Freyder (Freyder) is the owner of 20 acres (Freyder Property). The Freyder Property is

not contiguous to the Tungsten Property, but lies to the east of the Tungsten northern 40

acres, separated by a 20 acre parcel (Intervening Property). Neighboring property owners

use an access road known as Moose Crossing that travels in a northerly direction, just

barely crossing into the eastern boundary of the Freyder Property, before turning west

and crossing property to the north. There is also a newer road along the southern

boundary of the Freyder Property known as Apgar View.

¶3 Tungsten filed its complaint asserting Freyder was interfering with use of its

easement. It asserted an easement through the entirety of the Freyder and Intervening

Properties not along Moose Crossing or Apgar View, but along a small trail through the

2 woods just north of the Freyder house, about midway between the other two access roads.

Alternatively, Tungsten requested the court declare that it had an easement by necessity

to cross the Freyder and Intervening Properties. Freyder answered that the easement

granted to Tungsten was not on the road it claimed, but along Moose Crossing. The

owner of the Intervening Property was never a party to the case. After 6 years of

pleadings, motions, and ultimately a bench trial, the District Court held that Tungsten’s

easement was along Moose Crossing, traveling to the eastern border of the Freyder

Property before heading north and around the Freyder and Intervening Properties and

dropping into the northeast corner of the Tungsten Property. Because the District Court

determined that access existed, it denied Tungsten’s claim to an easement by necessity.

This appeal followed.

¶4 After thorough review of the transcript and the District Court record, the pertinent

facts are as follows. By December 1968, Carrol and Myrna Wright (Wrights) owned

approximately 520 contiguous acres, including the Freyder, Tungsten, and Intervening

Properties (collectively Subject Properties), located just southwest of where the Middle

Fork diverges from the North Fork of the Flathead River (Wright 520 acres). This land is

between sections of the Flathead National Forest and, at the time of the Wrights’

ownership, had to be accessed by use of a Forest Service “jeep trail.”

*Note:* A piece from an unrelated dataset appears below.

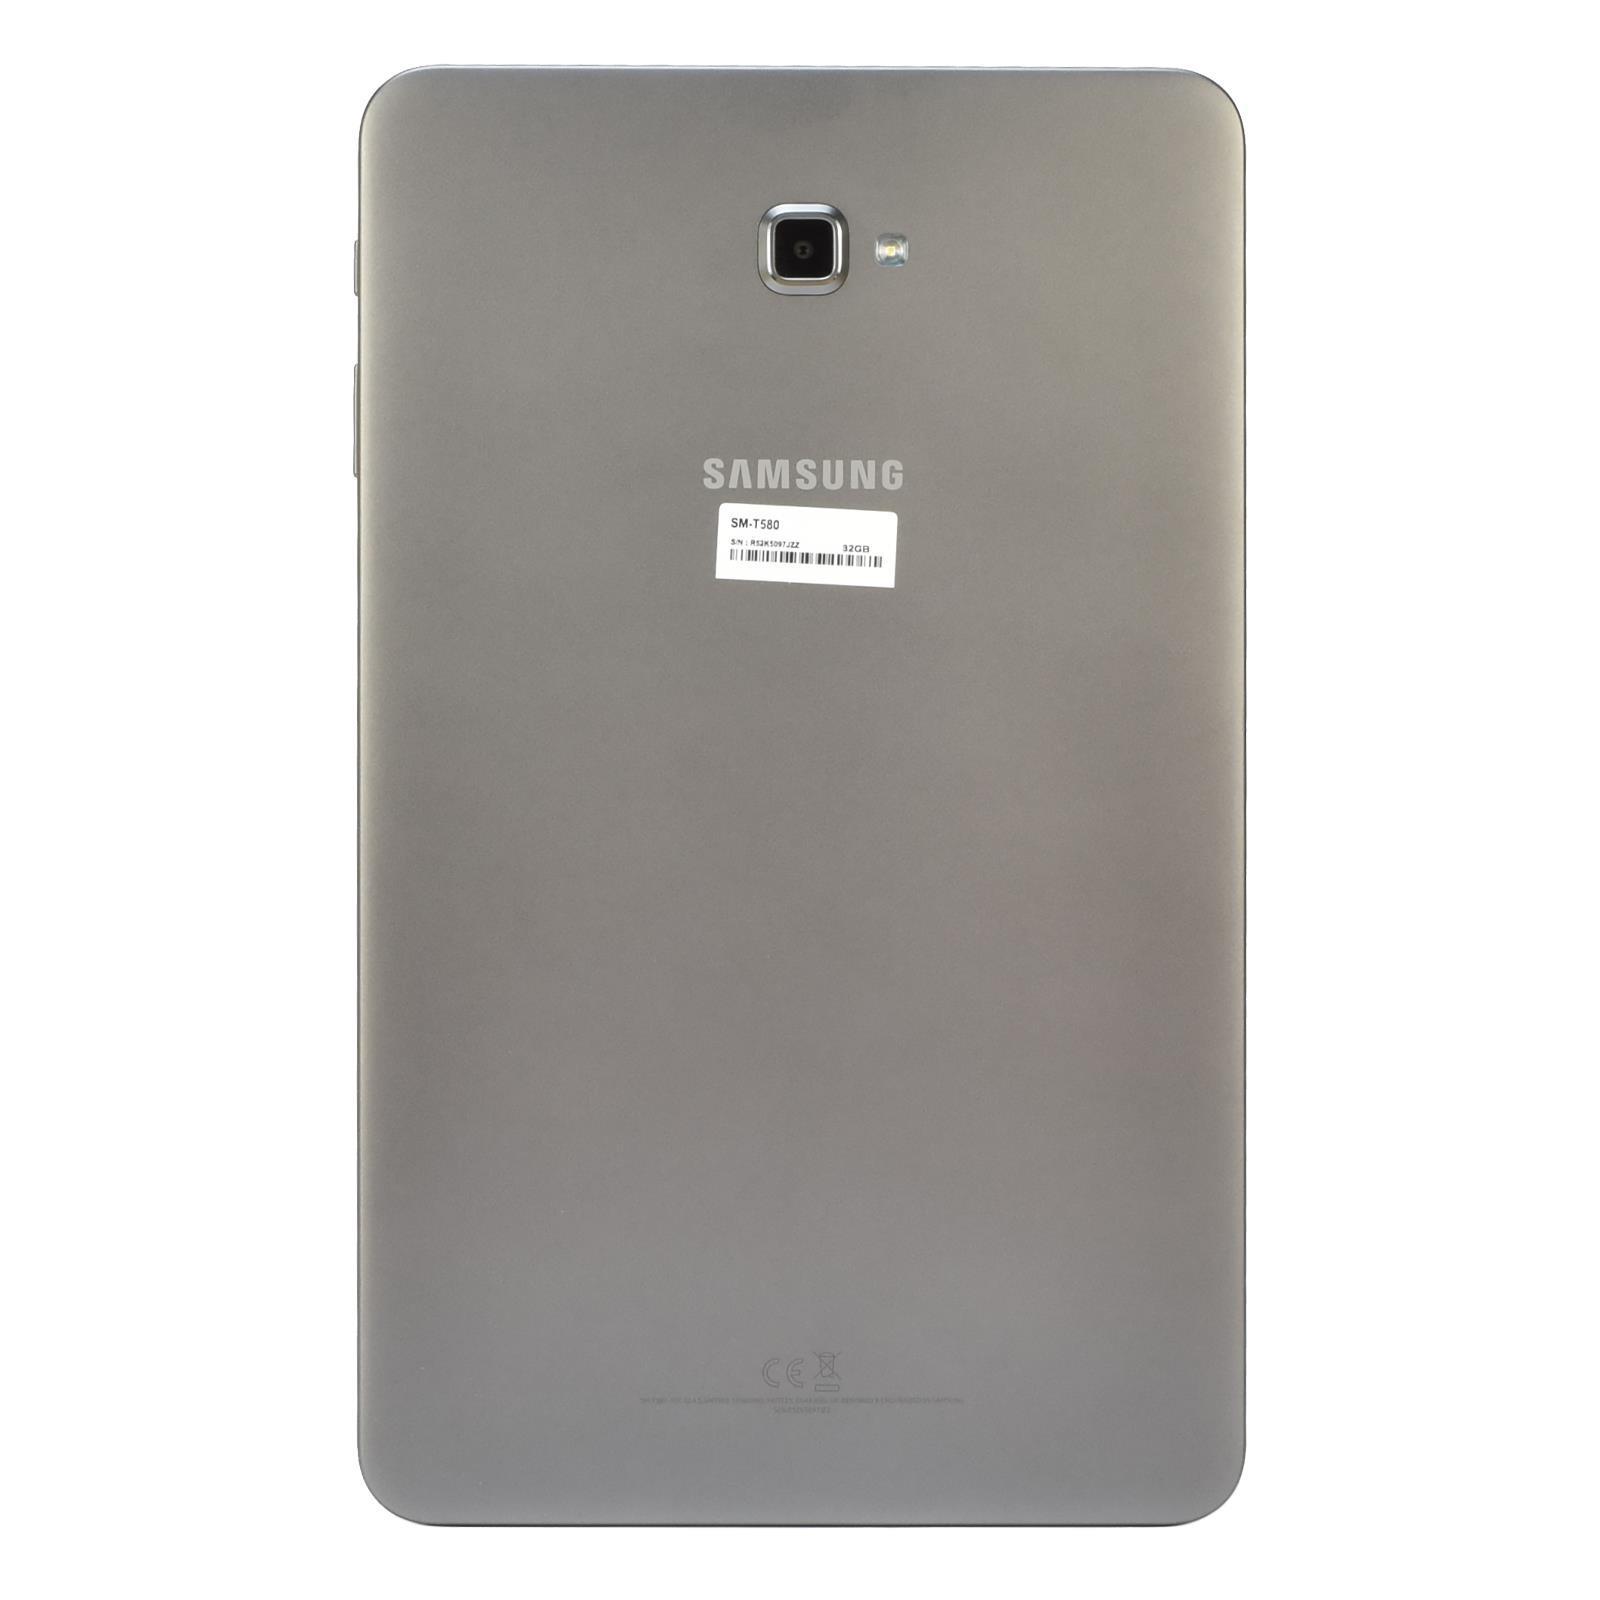 Samsung-Galaxy-Tab-A-10-1-T580-WiFi-2016-32GB-16GB-Tablet-in-All-Colours miniatura 7

3 ¶5 Between 1973 and 1978, the Wrights sold the 80 acres immediately to the north of

the Subject Properties in three transactions.1 Only one deed specifically reserved an

easement while the other two only noted that access to the property was by use of an

“existing road.” On August 31, 1978, shortly after the last of these parcels was sold, the

Wrights filed a Declaration of Easement (Declaration). The Declaration stated that the

easement “follows as closely as possible jeep trails and the description thereof will be in

general terms as it follows existing rights of way.” (Emphasis added.) The Declaration

then set out a more thorough description of the easement describing the direction of travel

through various portions of the Wright 520 acres. The Declaration specifically listed as a

benefitted tract (dominant estate) all of Wrights’ remaining land including the Subject

Properties, though it did not describe the easement as crossing any of the Subject

Properties with the exception of it touching the eastern boundary of the Freyder Property.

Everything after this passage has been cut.